One rule guards the whole thing: triangulation before lock-in. I don't lock a pattern into my voice calibration file until I've seen the principle show up more than one way: not just in my edits to AI drafts, but in my own past writing, or in a quick side-by-side of two phrasings. One way is a hint. Two ways that agree make it likely. Three or more, and it becomes a rule and it gets added to the file.

The goal of that loop is to explain HOW I write, not WHAT I write.

An early finding: the calibration techniques aren't interchangeable, and they map to different contexts. A/B comparisons and anti-voice exercises (literally "How would you NOT want this to sound?") work very well in a voice session, while historical comparison can easily run async. That mapping makes voice work possible in time that was previously dead (driving, walking, waiting, or even sleeping) instead of demanding desk focus.

What the record looks like

I'm not going to publish the rules themselves. They're the point. They're the part that's mine, and they do the actual work. A list of "say it this way, not that way" would read as a style sheet anyone could lift, and it would miss what the rules actually encode. What's worth saying is the shape of what the method turns up.

Most entries aren't style fixes. They're moments where the AI made a choice I'd never make. When we work out why I was rejecting it, the reason is almost never grammar. It was usually about who I'm writing for, or how I want to come across. Those reasons are the durable part; the wording was just where they surfaced.

The file has a texture worth naming. Some are hard mechanical rules. I write Canadian English, and I reach for "--" instead of an em-dash. Others are positioning rules that reverse a default the AI reaches for from its training. A few are tensions the method surfaced and deliberately didn't resolve: two things I care about that pull against each other, logged as open questions instead of forced into a rule. And plenty of reviews end with nothing promoted at all, because the pattern was already captured. A confirmation that changes nothing is the guard working.

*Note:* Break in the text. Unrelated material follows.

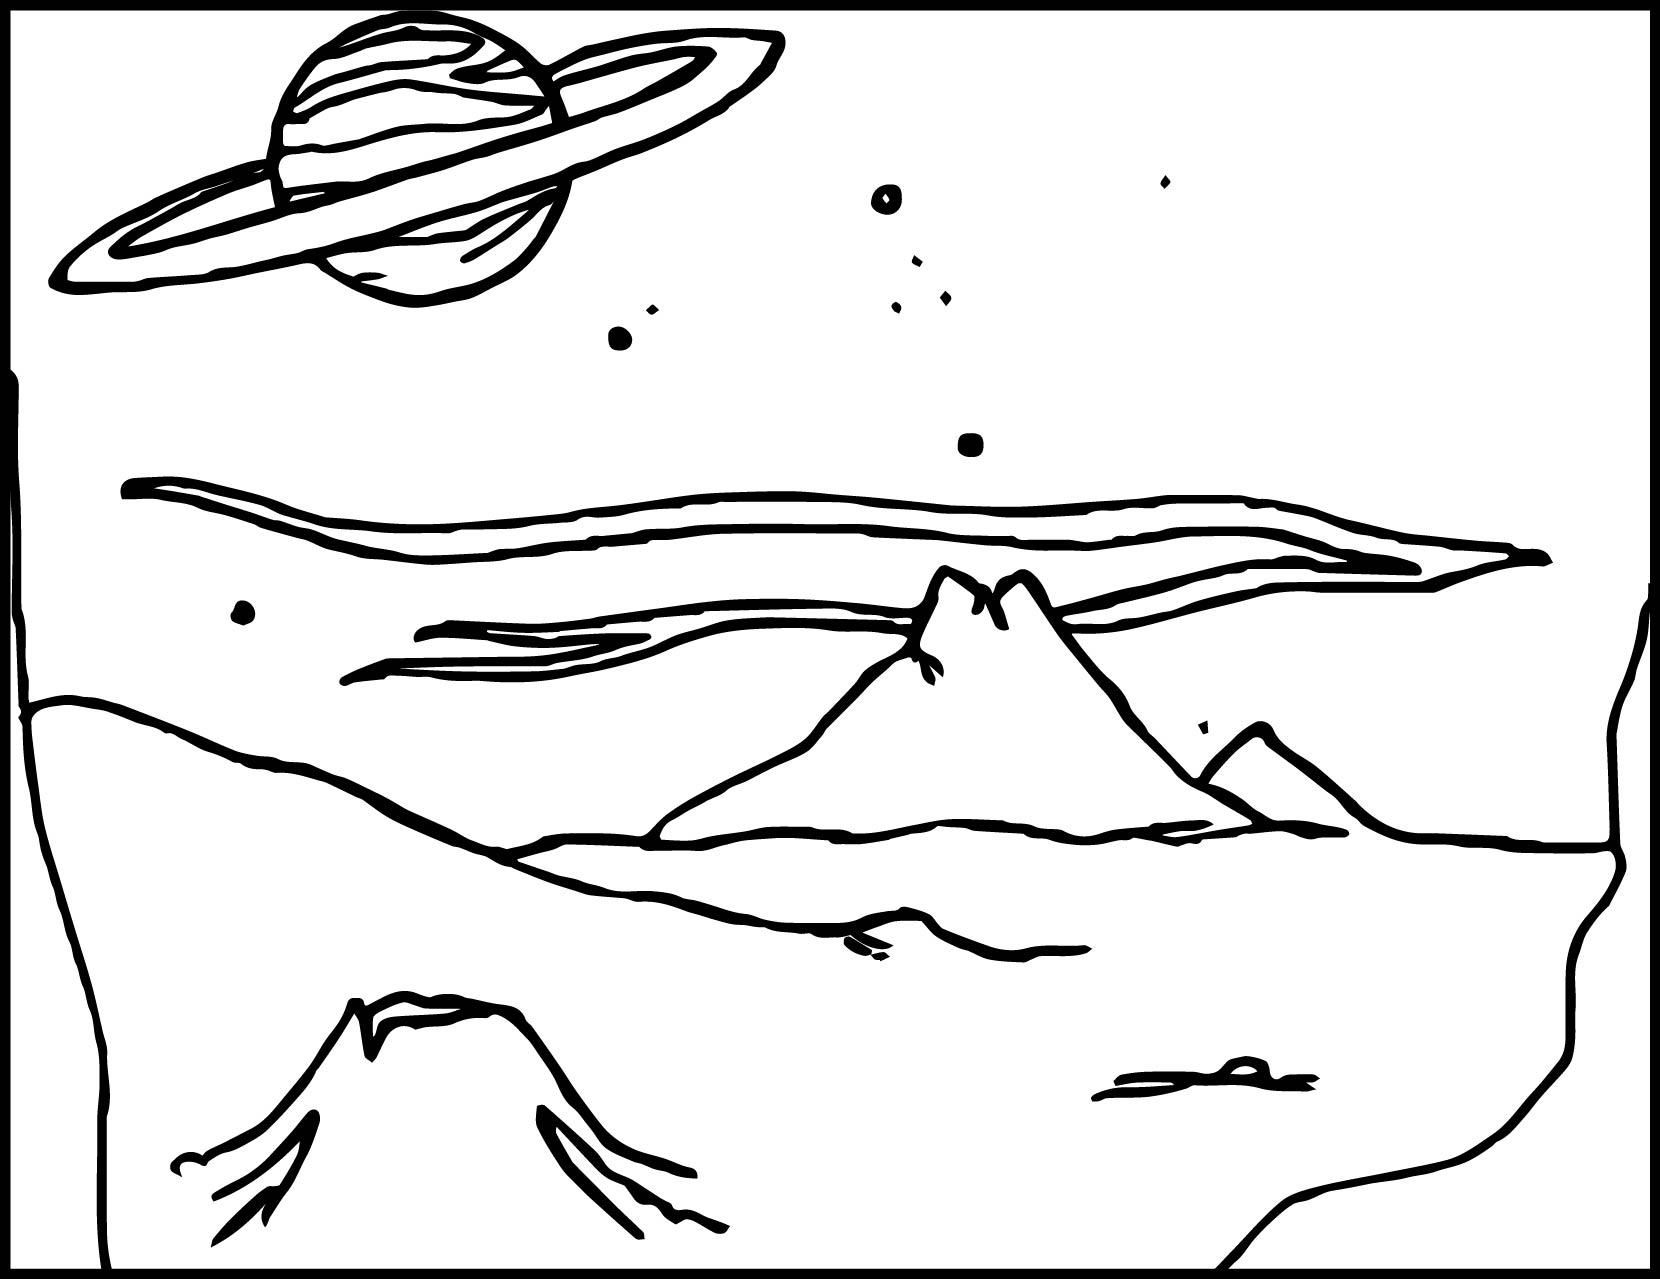 Alien Landscape Coloring Page Wecoloringpage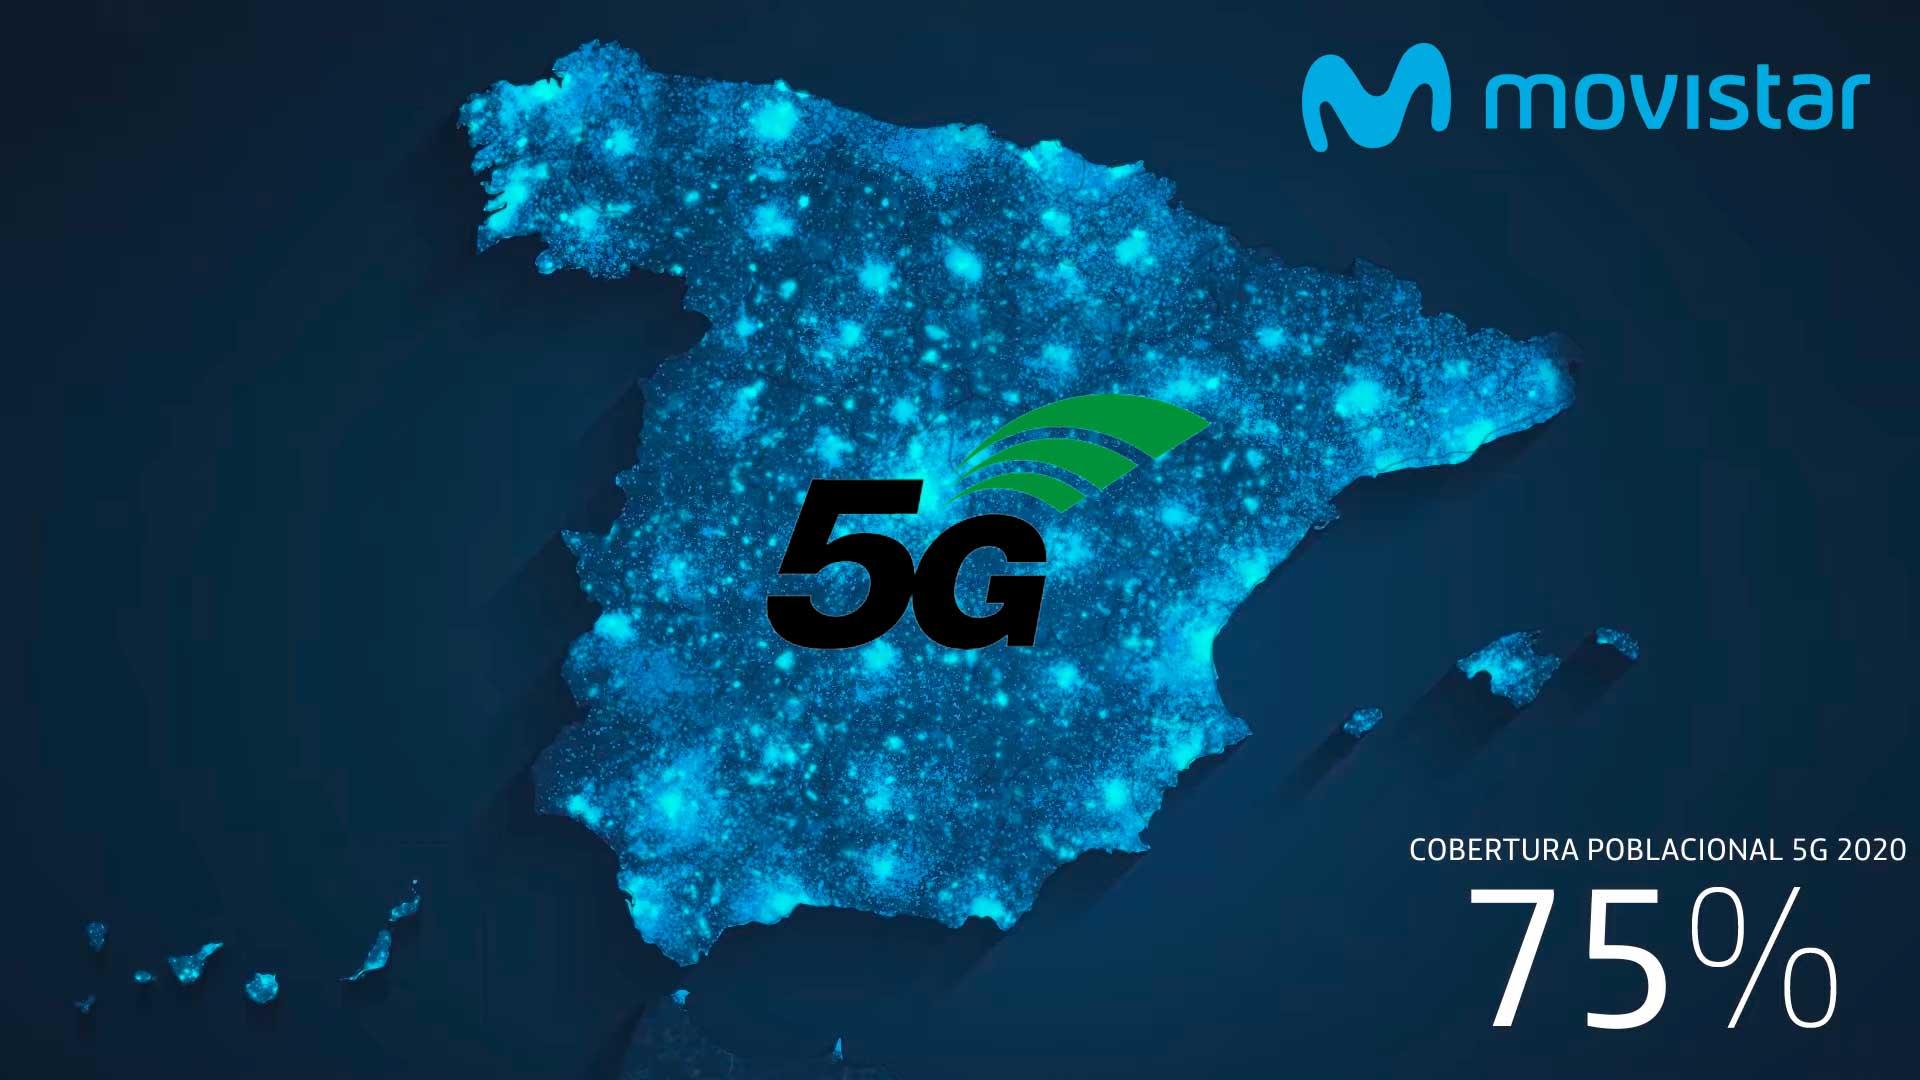 Movistar 5G encendido 2020

The counts, as of now: seven core principles locked in, plus a set of hard mechanical rules. About six more candidates sit in a holding pattern, each seen once or twice but not yet enough to lock. A couple more are parked until I have real-world engagement data to judge them by. A few have been watched for weeks without recurring. That waiting is its own kind of answer: not every correction is a rule, and refusing to lock one in early is what keeps the file honest.

What happened

It outgrew the experiment. The plan was supposed to run in stages: a month building the baseline, then triangulation, then everyday use. Instead it collapsed into the thing it was designing. The loop now runs on real drafts (web copy, newsletters, posts), with the baseline file as its memory. The dated record: baseline established April 24; proposed-additions reviews late April, late May, early June, and this week. Some proposals lock in, some are dismissed as already captured, and the file changes slowly.

Some rules that started as voice corrections hardened into standing policy, applied to every draft before I see it: strip the predictable AI patterns, keep language about people concrete, never coin manufactured jargon. The corrections I make today sit higher up the stack than the ones I made in April.

Honest caveats

A sample of one person's voice, judged by that same person. "This sounds like me" is the outcome measure, and it's subjective by construction. Triangulation manages the overfitting risk but doesn't remove it: every input still arrives by way of correcting one particular AI's habits. Whether the process transfers to anyone else's voice is untested. There's no counterfactual either. I can't measure what my drafts would read like today without the calibration, and the correction-rate drop the design aims for isn't measured yet.

What's next

The loop keeps running on real work. The next formal checkpoint is a quarterly consolidation pass, to prune and check for drift. What's still open is whether this transfers: the principles are mine, but nothing about the method is.